Usually our hypothesis places s as a similarity function based on a family of norms defined by weighted Euclidean distances

d_{ω}

given by

d_{ω} (x_{i}, x_{j}) = \sum_{k = 1}^{m} ω_{k} {(x_{i}^{k} - x_{j}^{k})}^{2},

(7)

where

ω \in R_{+}^{m}

is a weight vector. This function allows different regressors to have different influences in the distance metric. Once a distance function is given, we may specify that the parametric similarity function

s_{ω}

should be decreasing in the distance

d_{ω}

, and take the value of 1 for

d_{ω} = 0

and converge to 0 as

d_{ω} \to \infty .

Natural candidates for the similarity function include

s_{ω} (x_{i}, x_{j}) = \{\begin{matrix} e^{- d_{ω} (x_{i}, x_{j})} (EX), \\ \frac{1}{1 + d_{ω} (x_{i}, x_{j})} (FR), \end{matrix}

(8)

so that, ceteris paribus, the closer

x_{i}

is to

x_{j},

the larger is the weight that

y_{i}

will receive from

y_{j}

, relative to other

y_{k}

’s, in the construction of the prediction. Using expression (8), we can embed Model (6) into a parametric statistical model given by

y_{i} = \sum_{j \in A (i, n)} ℓ_{j}^{s} (ω; x_{i}) y_{j} + ϵ_{i},

(9)

where the kernel

ℓ_{j}^{s} (ω; x_{i}) = \frac{s_{ω} (x_{j}, x_{i})}{\sum_{j \in A (i, n)} s_{ω} (x_{j}, x_{i})}

(10)

is nonnegative and sums up to unity.

Assumption of normality asserts that the weighting parameters

ω

can be estimated from data using maximum likelihood procedure [14,21]. The asymptotic theory for this model was revised by [16].

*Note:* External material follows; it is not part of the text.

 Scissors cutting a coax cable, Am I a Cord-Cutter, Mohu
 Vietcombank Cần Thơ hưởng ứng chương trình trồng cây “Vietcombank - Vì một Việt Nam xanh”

As pointed out by Gayer et al. [14], Equation (9) is not sufficient to specify the values of

y_{i}

, for

i \leq n

, as a function of

ϵ_{i}

if the data points are unordered. In order to extract the differences between two

y_{i}

’s, Model (6) assumes that

E (y_{i}) = α,

for

i \leq n .

Thus,

\sqrt{n} ({\bar{y}}_{n} - α) = ϵ_{1},

where

{\bar{y}}_{n} = (1 / n) \sum_{j \leq n} y_{j} .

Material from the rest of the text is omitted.